In a day-to-day sense Europe is home… after living here for over 27 years, how could I not consider it that way… but sometimes I wonder if when people ask about ‘home’ do they mean someone’s roots? If so__ it could even get more complex since I don’t have neither of the two. As for the reasons why… well, I can’t give an easy answer to that, not even in a whole paragraph. Come to think of it, I need at least few volumes to deal with the issue…

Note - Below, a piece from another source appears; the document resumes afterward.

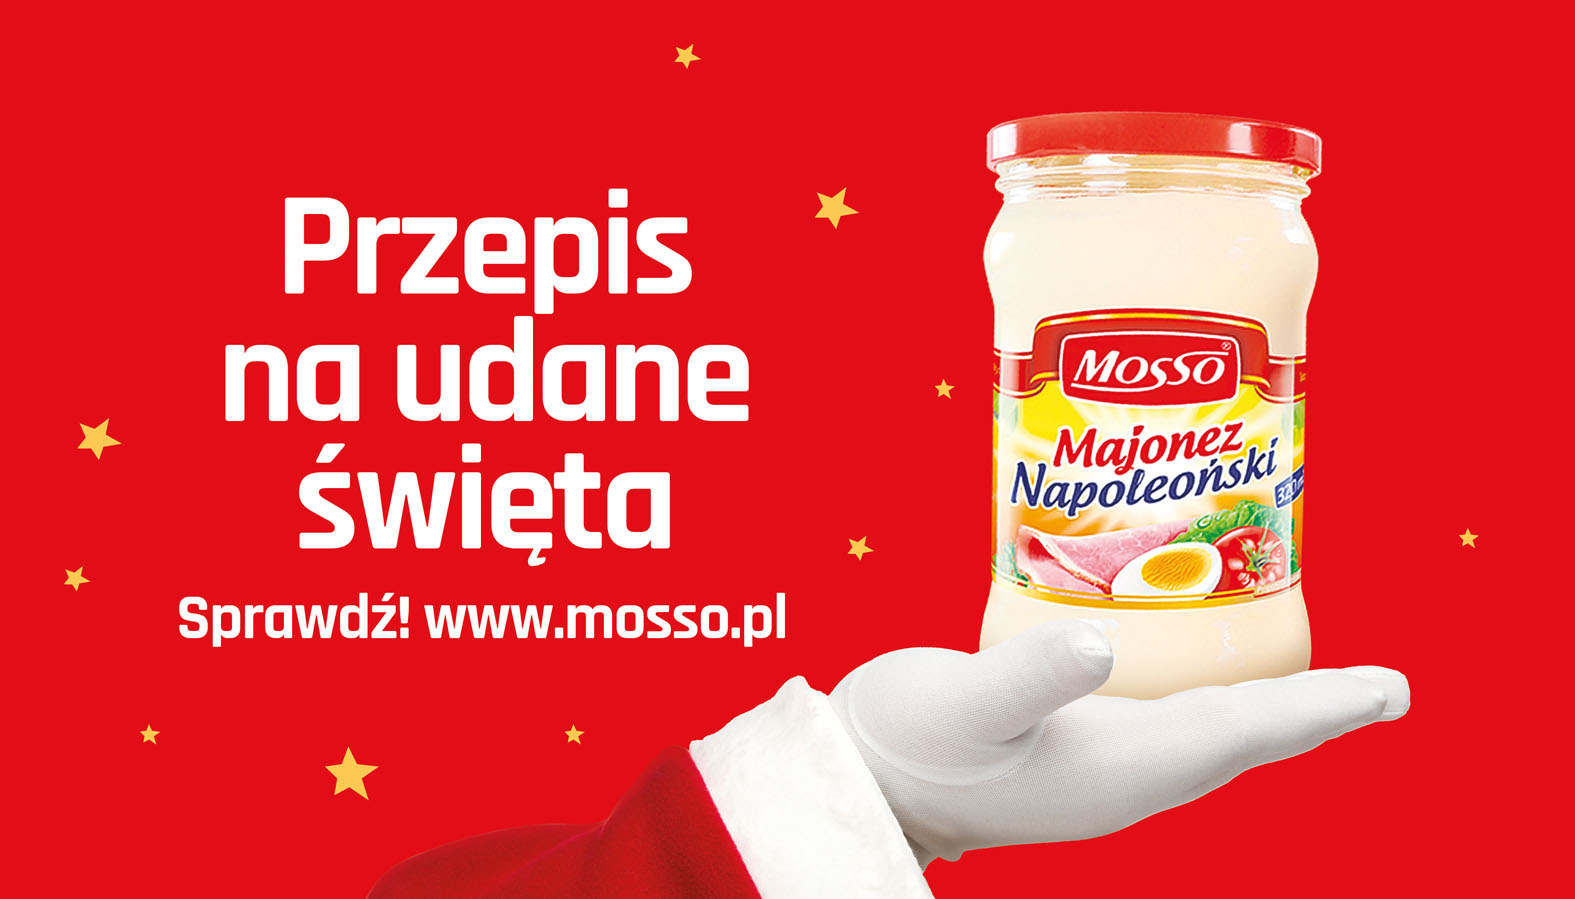 Mosso Kewpie Poland rusza z kampanią świąteczną

Someday, I too will going to write a memoir about growing up as an outsider, about my time living with ghosts and goblins and other unspeakable creatures. I will probably give it a title like: Rolling Stone, Fragments Of Forever or simply Limbo or Purgatory. I will talk about buying myself a life sentence looking for my rainbow connection, looking for the place where I belong, the safe haven most people called home…

Limbo_Toy_by_BenMRHalle

images: VincentNoir and BenMRHall

10 thoughts on “Limbo”

  1. I can relate to what you’re saying in this post. I read somewhere once that how we see ourselves in our primary family (or how they see us) is how we’ll see ourselves outside of the family. Being an outsider pretty much sums up my entire existence too. (It started with my immediate family and that’s the way it’s always been. It took me a long to see this. I kept trying to find my place.) You really should write a memoir one day. In my humble opinion, it would be a memoir worth reading. Thank you for sharing this with me.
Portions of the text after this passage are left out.